Former Soviet prisoner and refusenik Natan Sharansky, Burmese human rights activist Aung San Suu Kyi, and Iranian Pastor Youcef Nadarkhani are some of the many people across the globe who were unjustly imprisoned for their beliefs. Fortunately, these three men and women of conscience are now free. We applaud their lives and the work they have done to advance the cause of freedom and dignity for all.
Unfortunately, many people today are not free but languish in jail cells around the world. They are imprisoned because of who they are, what they believe, and how they have chosen to express their convictions. These prisoners are prevented from enjoying the most fundamental human rights enshrined in the Universal Declaration of Human Rights, the International Covenant on Civil and Political Rights, and other international standards.
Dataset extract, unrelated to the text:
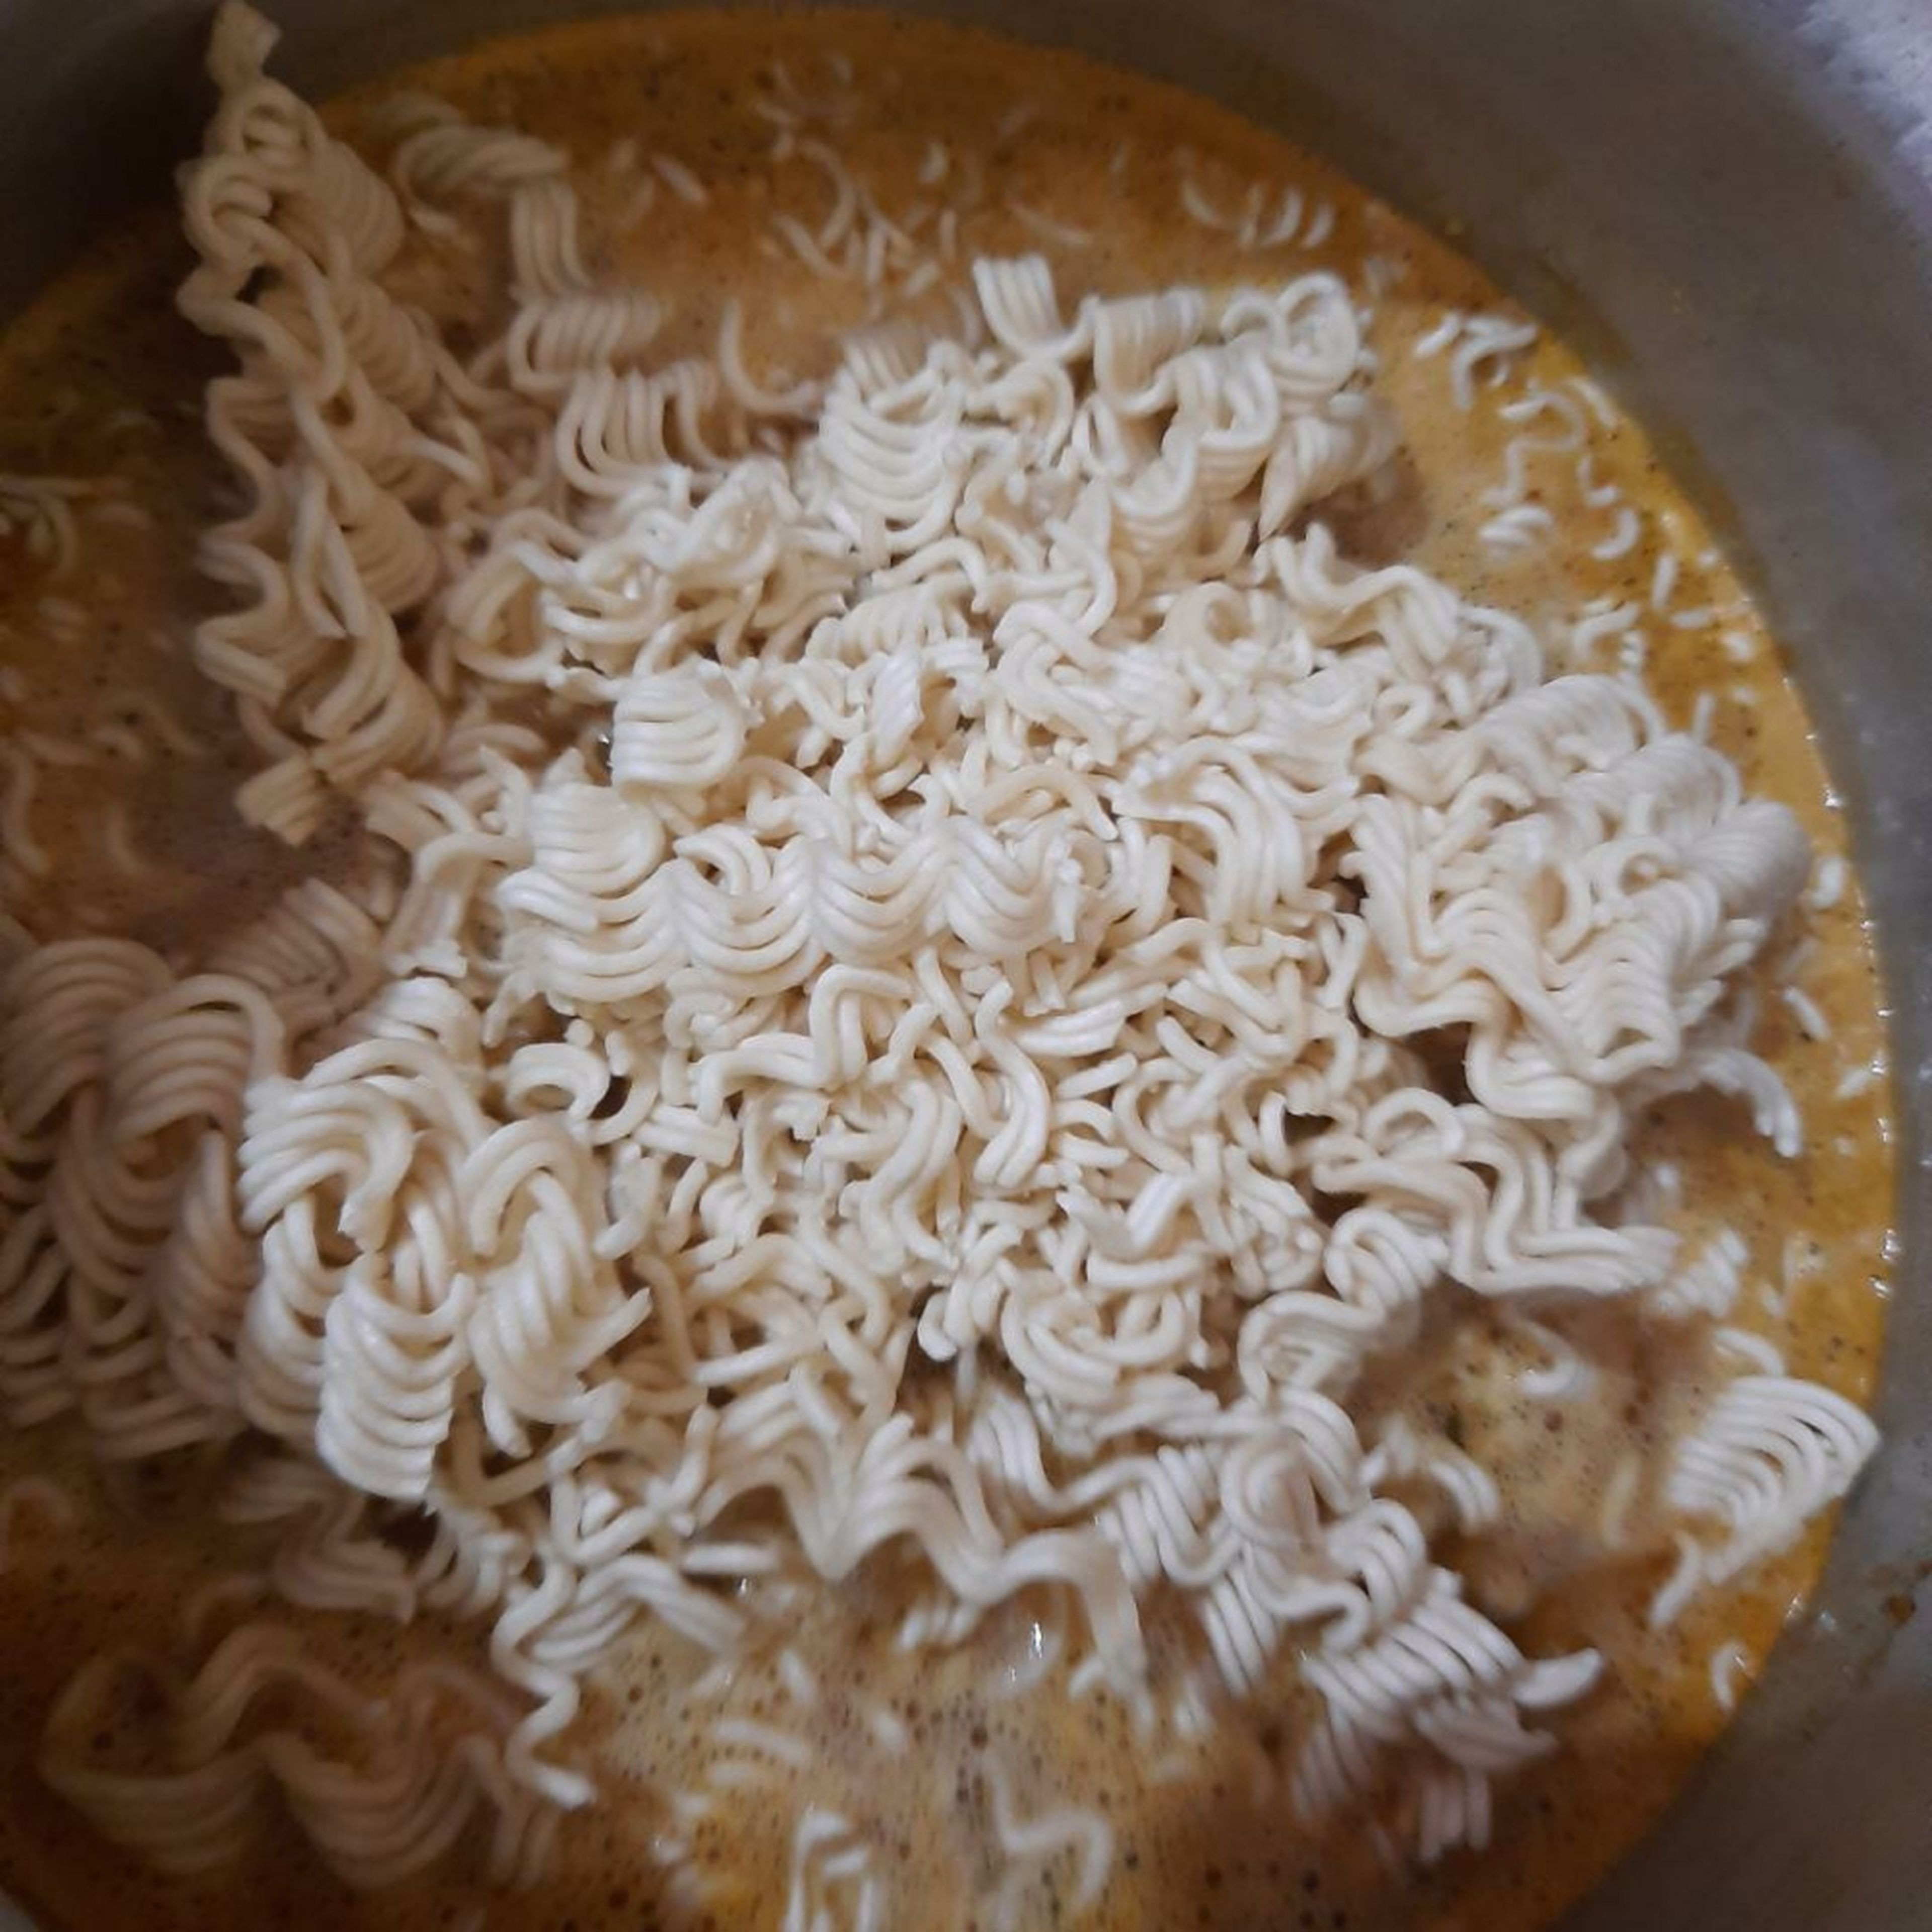 Once the water is boiled, add the instant noodle bars in the water.

We must shine a light on these prisoners of conscience until they are free and the countries that keep them in bonds have released them and have implemented needed reforms.
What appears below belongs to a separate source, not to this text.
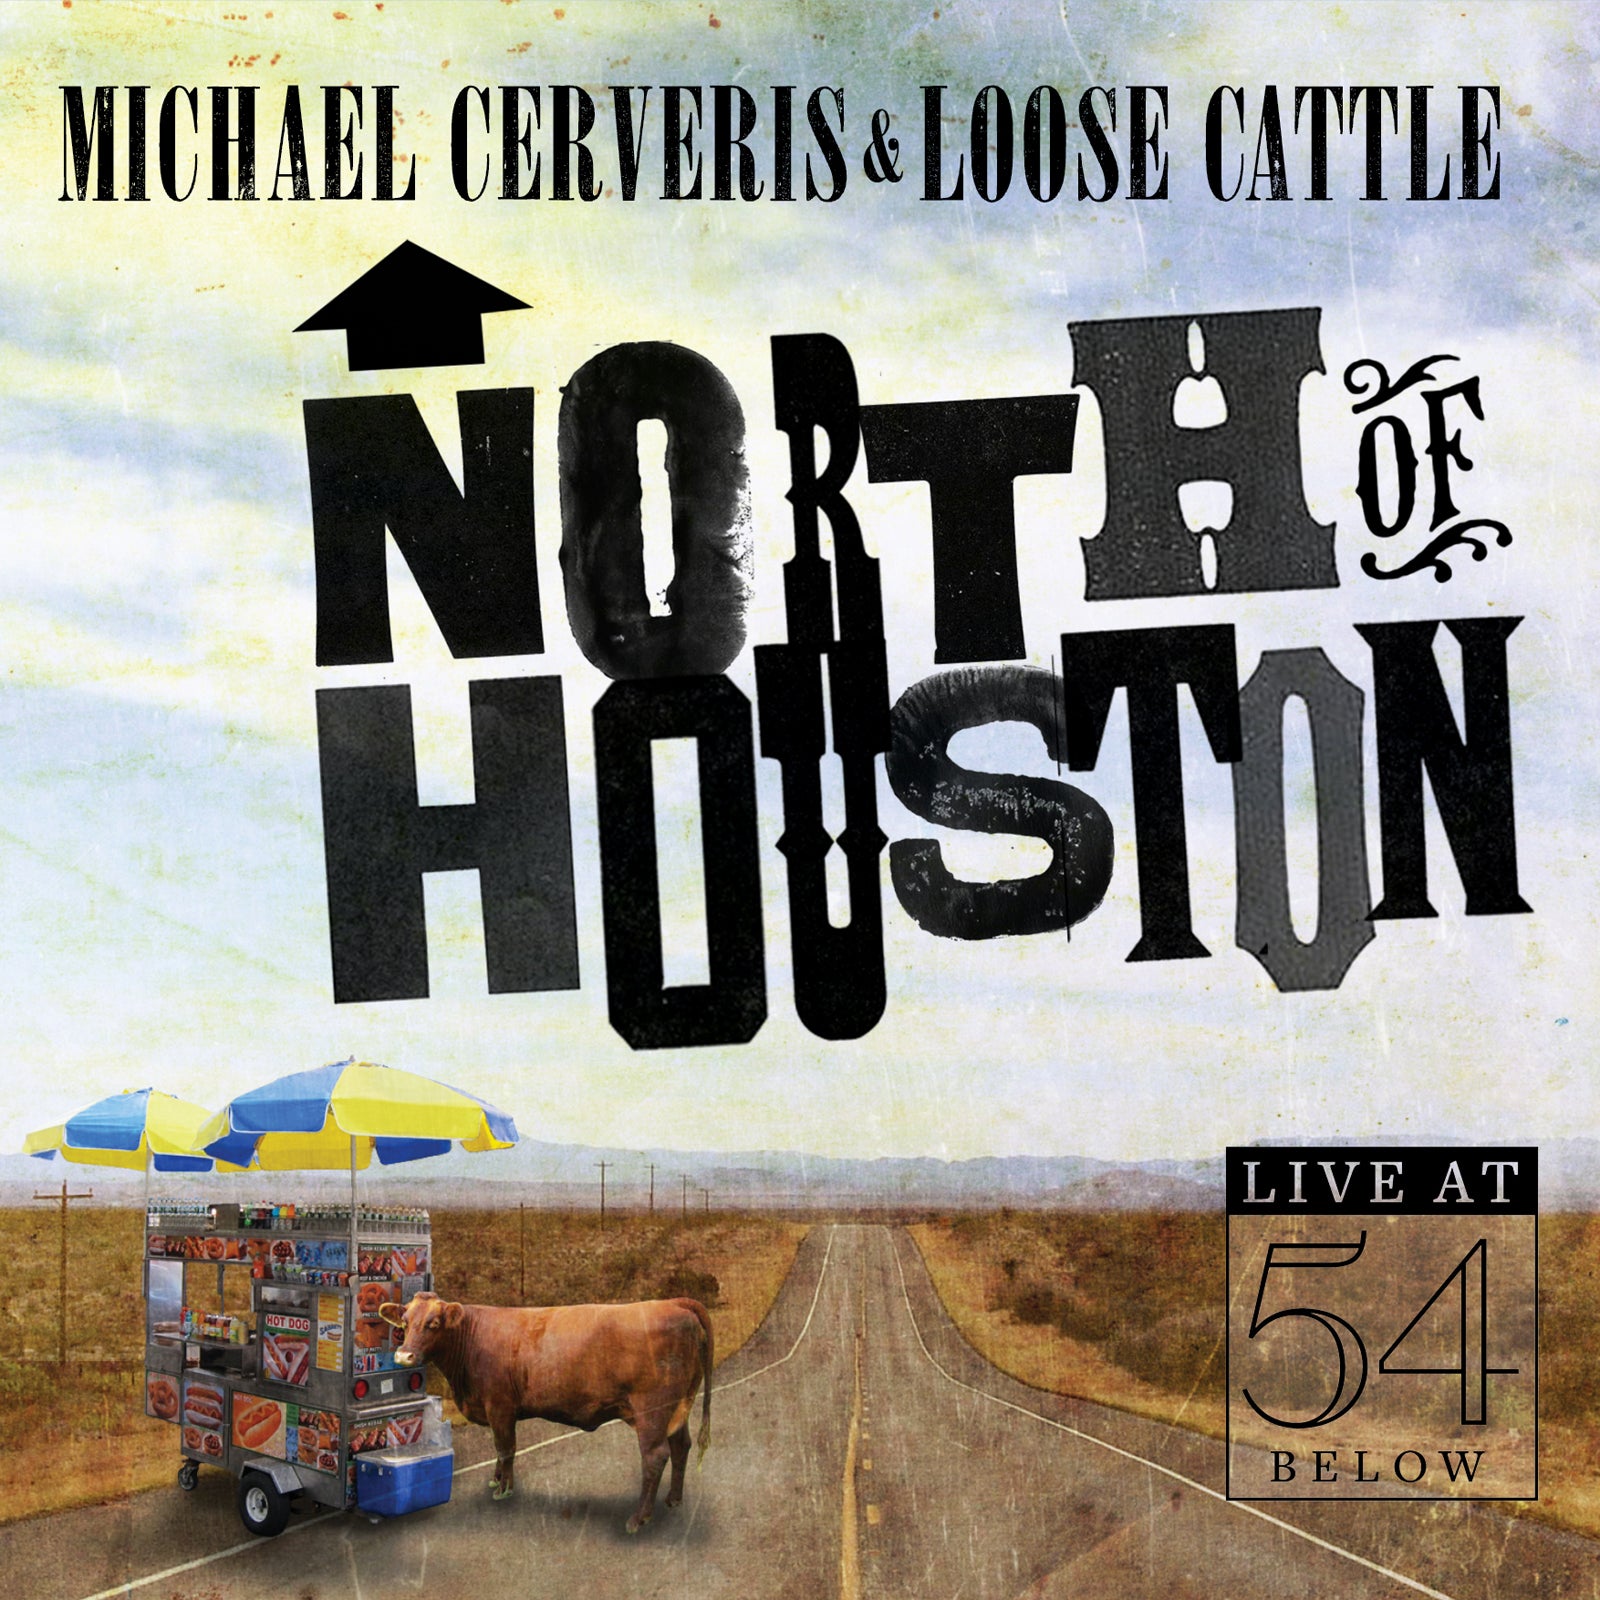 Michael Cerveris & Loose Cattle: North of Houston - Live at 54 Below [CD]

To that end, as Chair of the U.S. Commission on International Religious Freedom (USCIRF), I join the Tom Lantos Human Rights Commission of the U.S. House of Representatives and Amnesty International, USA in support of our joint Defending Freedoms Project. Through this project, members of Congress will select prisoners across the globe to support, highlight their causes, stand in solidarity with them, and let them and the world community know that they are not alone. In addition, by training a spotlight on the laws and policies that have led to their incarceration, members of Congress will be working both for their release and to hold offending governments accountable.
This new initiative will rely not on laws or customs that are specific to any one country, including our own, but on universal human rights benchmarks to which nearly every nation has assented. It will use the same internationally approved standards, freely agreed upon by most of the same countries which violate them in practice, to hold those states responsible for abusing the innocent.
Representatives Jim McGovern (D-Mass.) and Frank Wolf (R-Va), who have taken the lead in this project, are longtime champions of human rights worldwide. My late father, Tom Lantos, was proud to call them colleagues and friends, and worked closely with them on Capitol Hill for many years.
Sadly, as we survey the global landscape, it is clear that there are walls of tyranny in far too many places, and compared to these barriers, our words and deeds might appear humble indeed. But as the late congressman Jack Kemp once said, “there is a kind of victory in good work, no matter how humble.” And in the words of the late Senator Robert F. Kennedy, “each time…[we]…strike out against injustice, [we] send forth a tiny ripple of hope, and crossing each other….those ripples build a current which can sweep down the mightiest walls of oppression and resistance.”
Let these memorable words stir our hearts, deepen our commitment, and strengthen our resolve as we open a new chapter in the cause of human rights and universal dignity.
Katrina Lantos Swett is the Chair of the U.S. Commission on International Religious Freedom (USCIRF). This article is adapted from her December 6, 2012 speech on Capitol Hill at the announcement of the Defending Freedoms Project.